STUDY MATERIAL section start
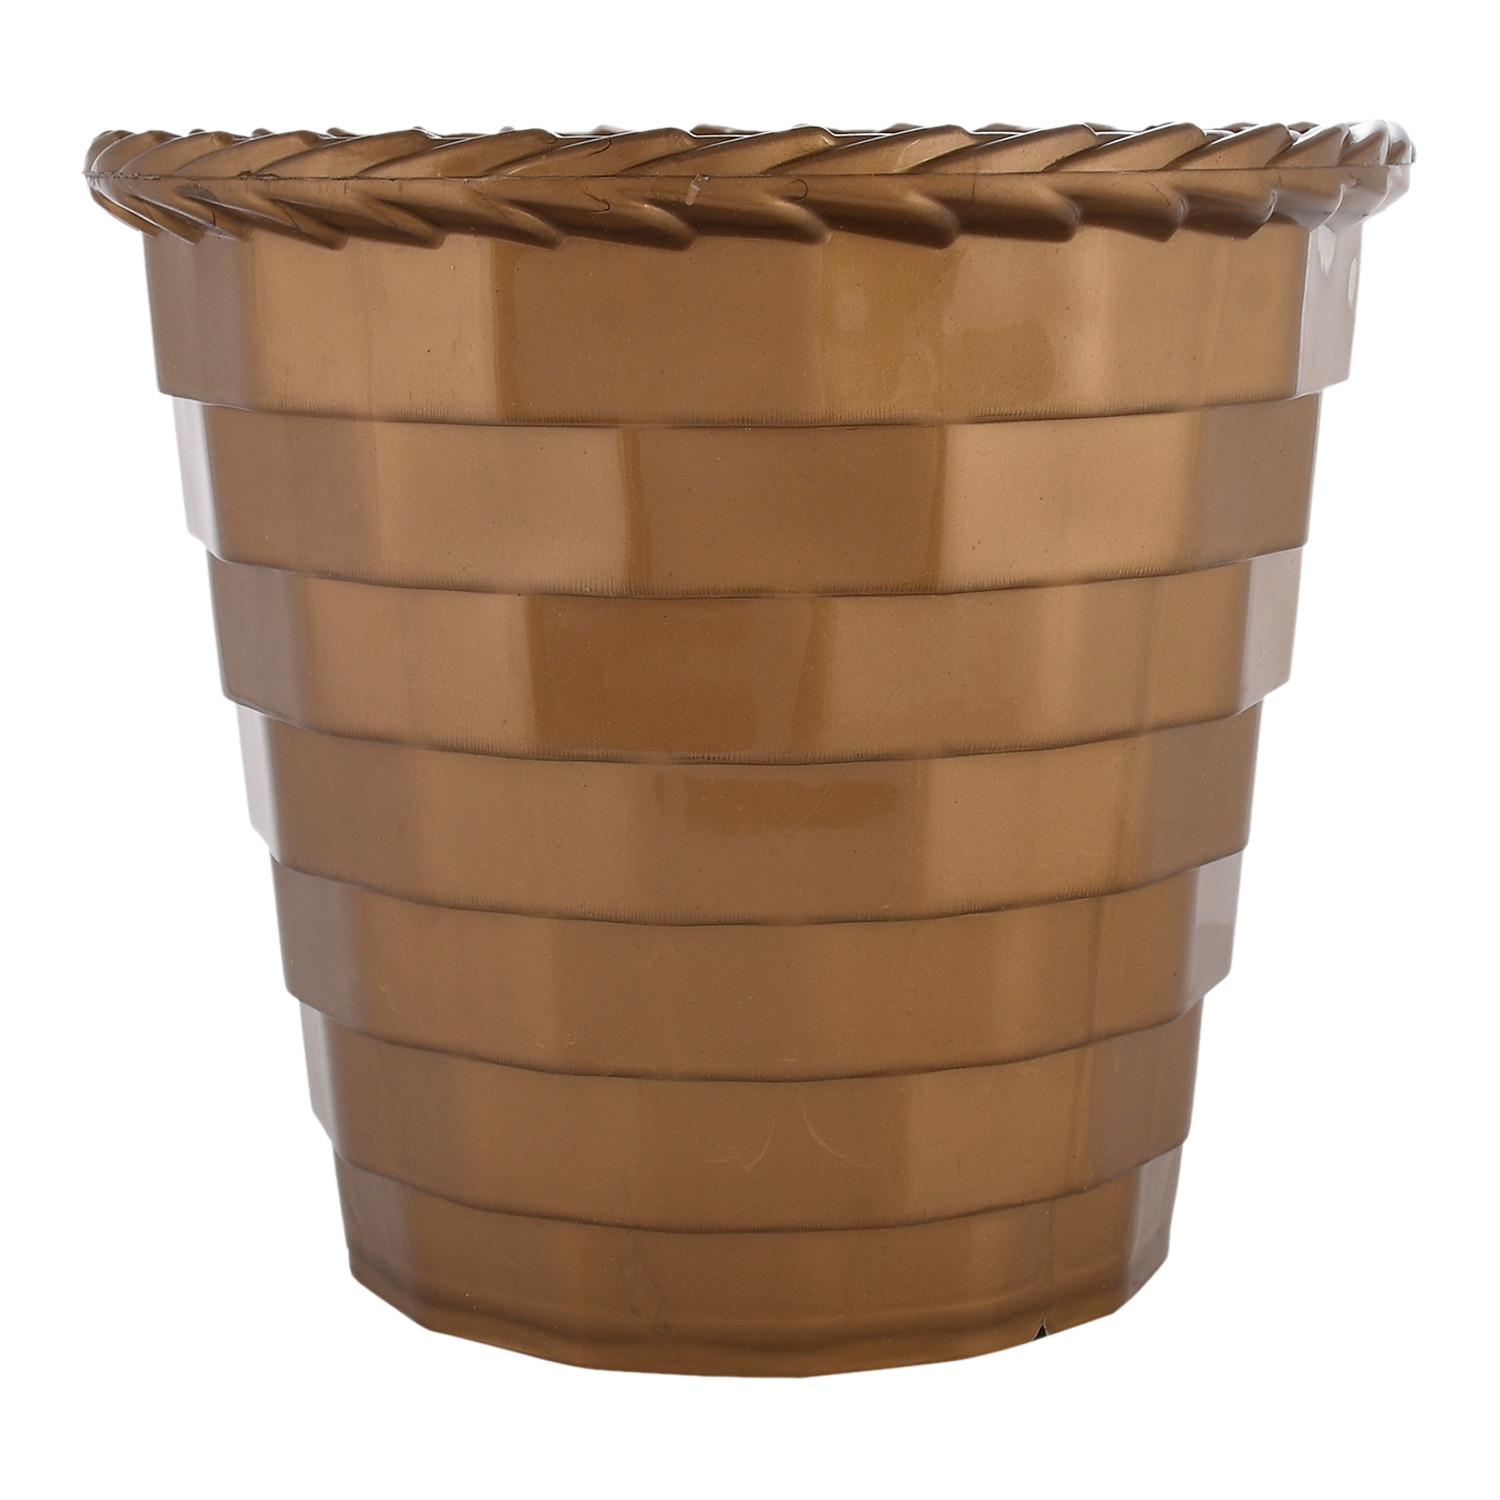 Kuber Industries Brick Flower Pot|Durable Plastic Flower Pots|Planters for Home Décor|Garden|Living Room|Balcony|8 Inch|Pack of 5 (Multicolor)
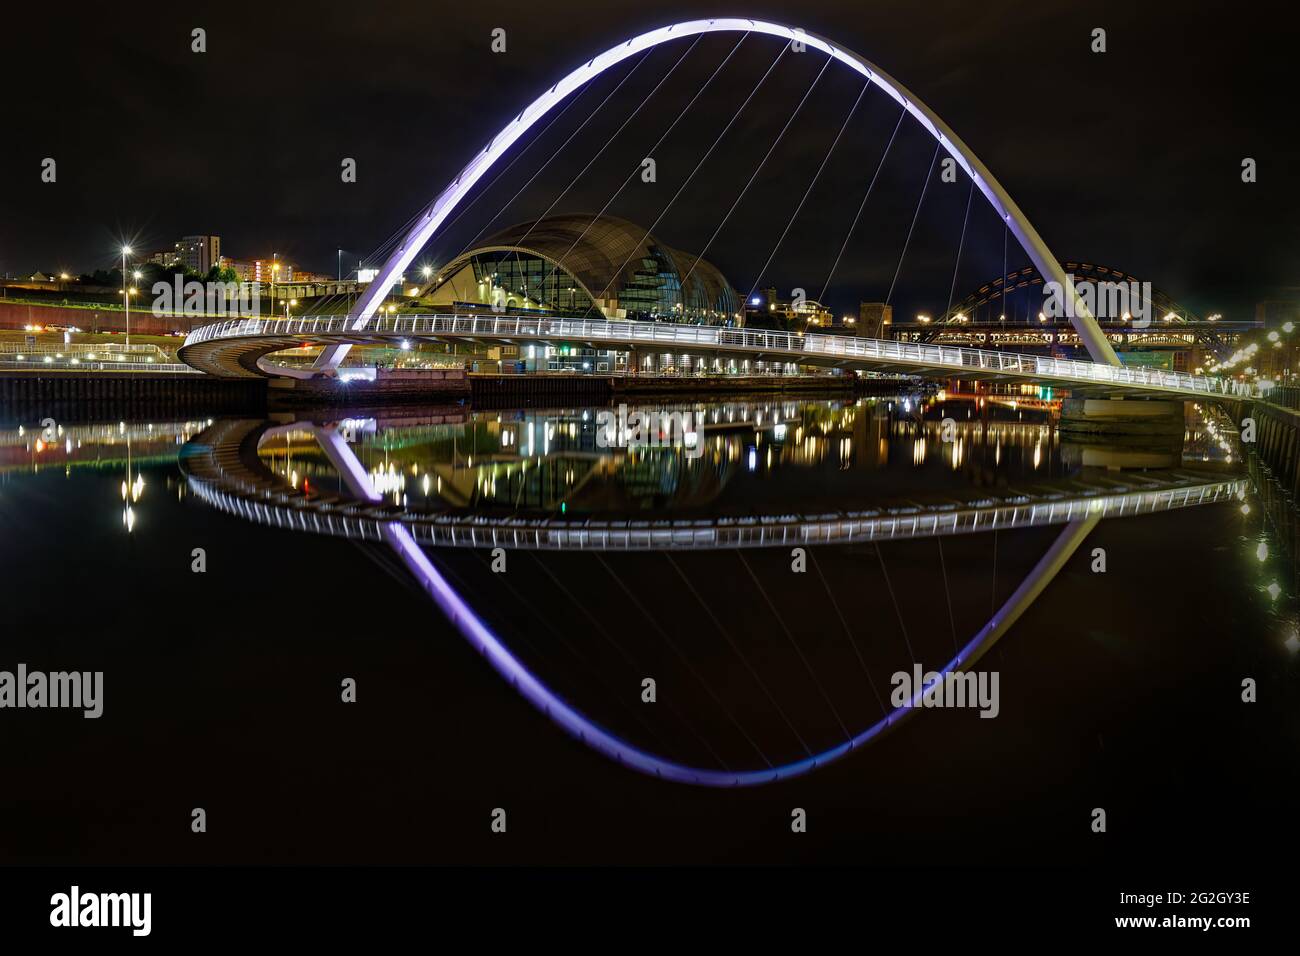 Newcastle's Millennium Bridge Reflecting On The River Tyne at Night. Stock Photo
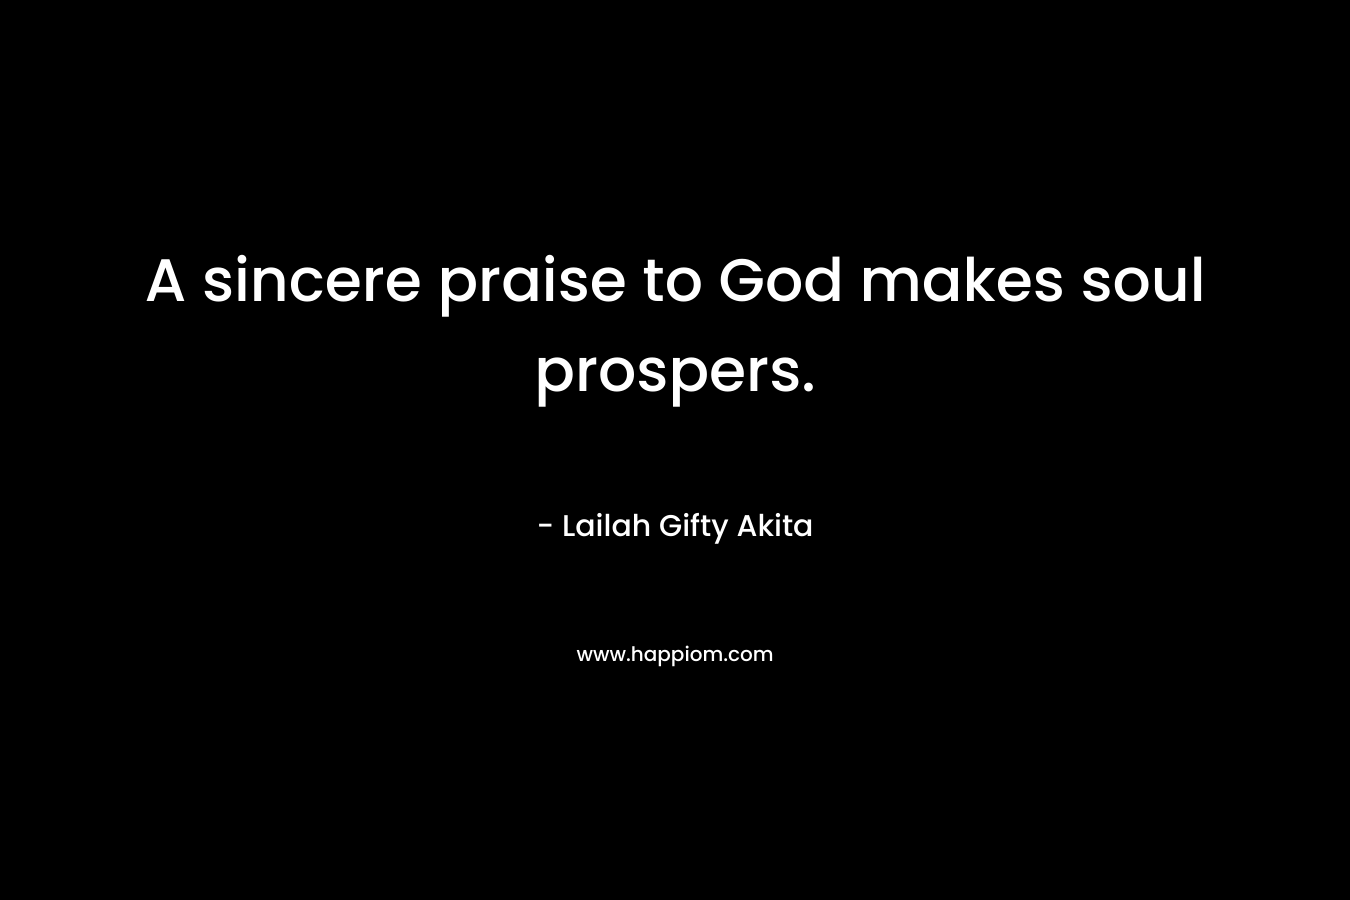 A sincere praise to God makes soul prospers.
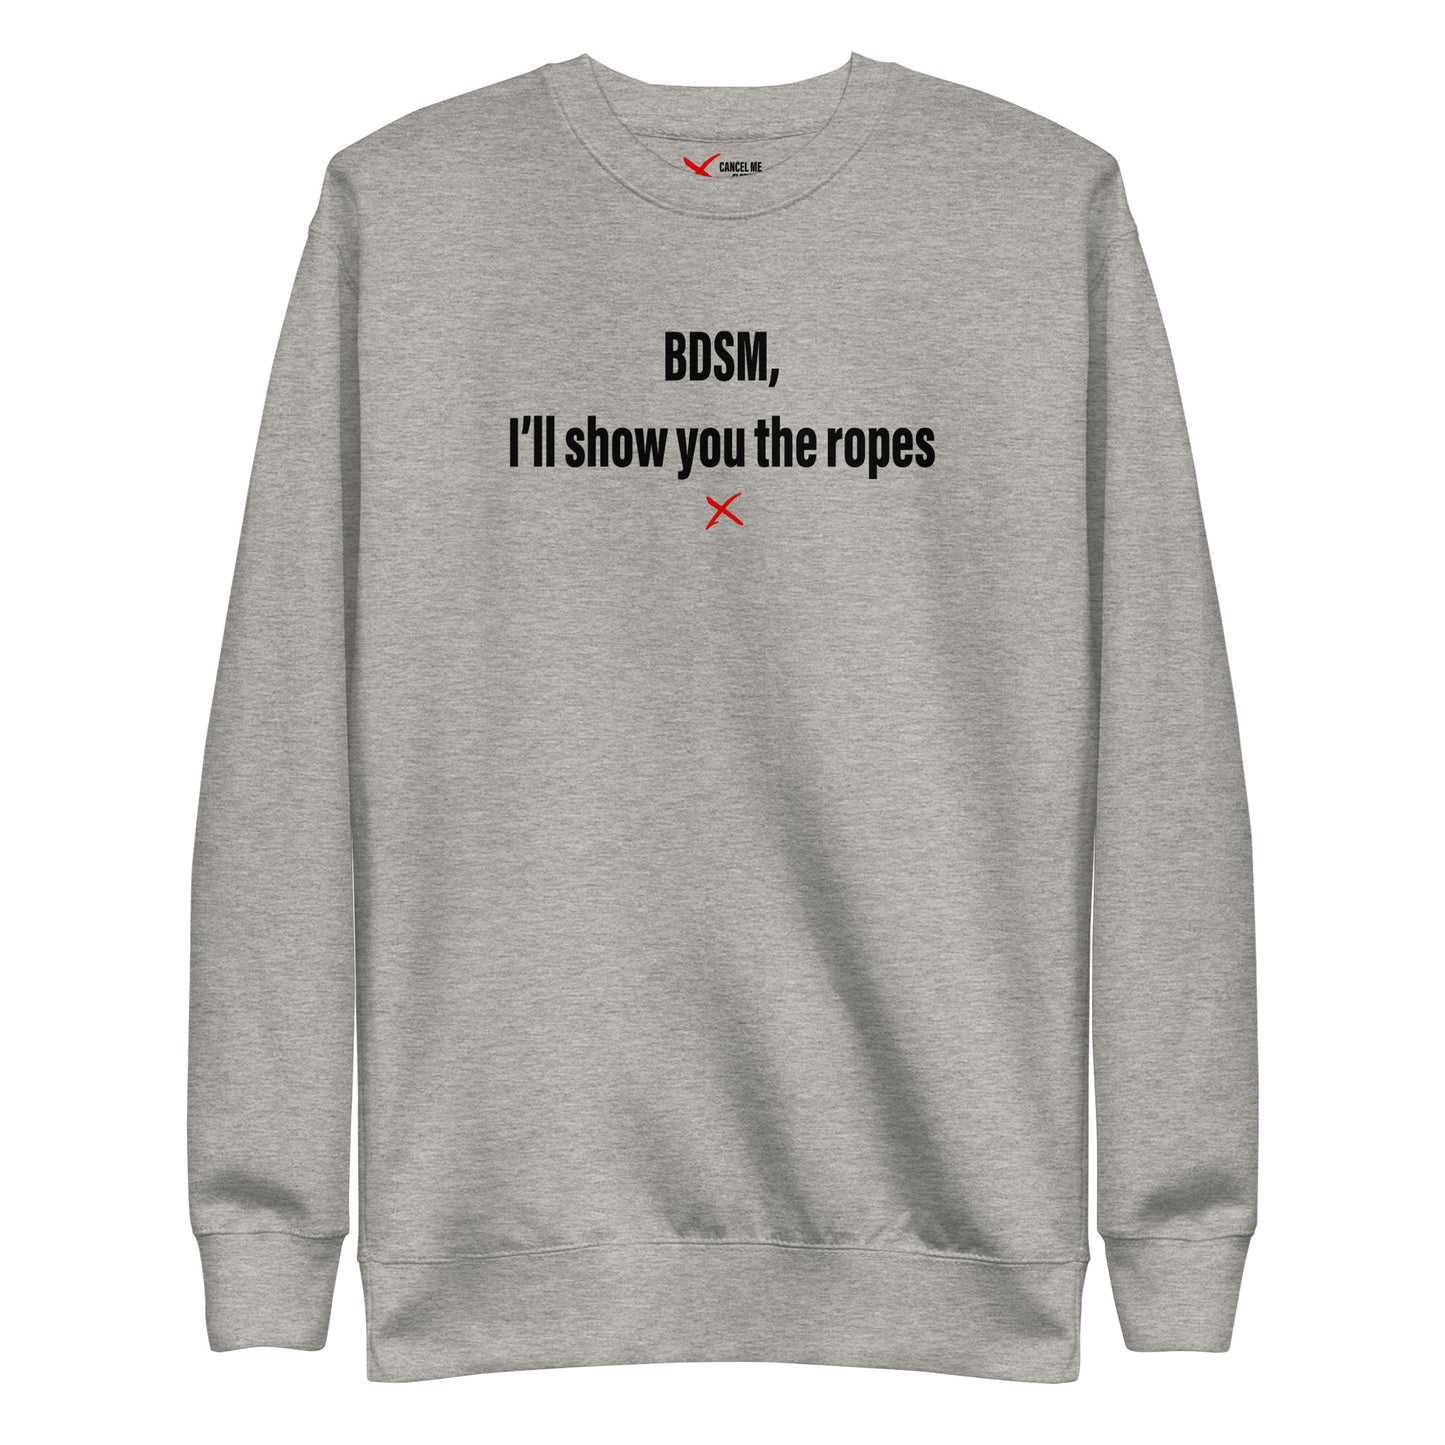 BDSM, I'll show you the ropes - Sweatshirt
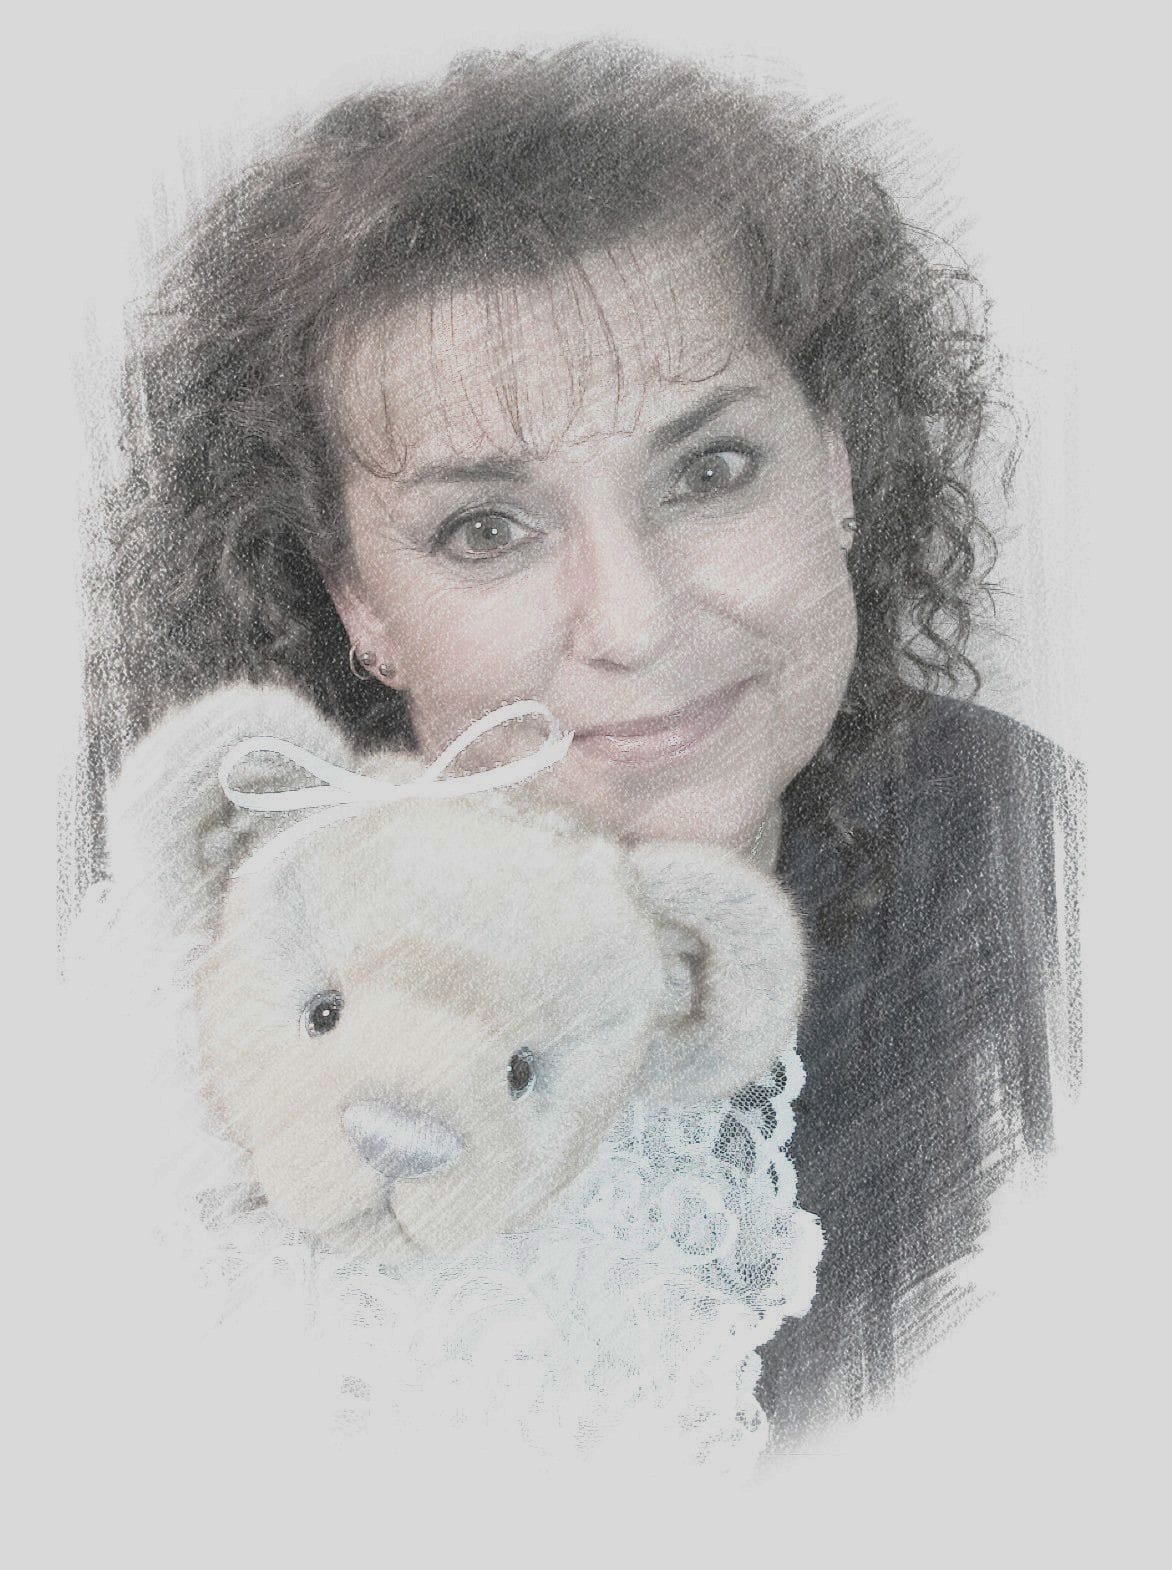 Brenda Parker-designer and creator of BrendaBears, hand crafted artist bears
STUDY MATERIAL section end
◆ YOUR TASK ◆
Return every entry above exactly as written, with no pictures included.

◆ OUTPUT OF THE EXERCISE ◆
 Kuber Industries Brick Flower Pot|Durable Plastic Flower Pots|Planters for Home Décor|Garden|Living Room|Balcony|8 Inch|Pack of 5 (Multicolor)
 Newcastle's Millennium Bridge Reflecting On The River Tyne at Night. Stock Photo
 A sincere praise to God makes soul prospers.
 BDSM, I'll show you the ropes - Sweatshirt
 Brenda Parker-designer and creator of BrendaBears, hand crafted artist bears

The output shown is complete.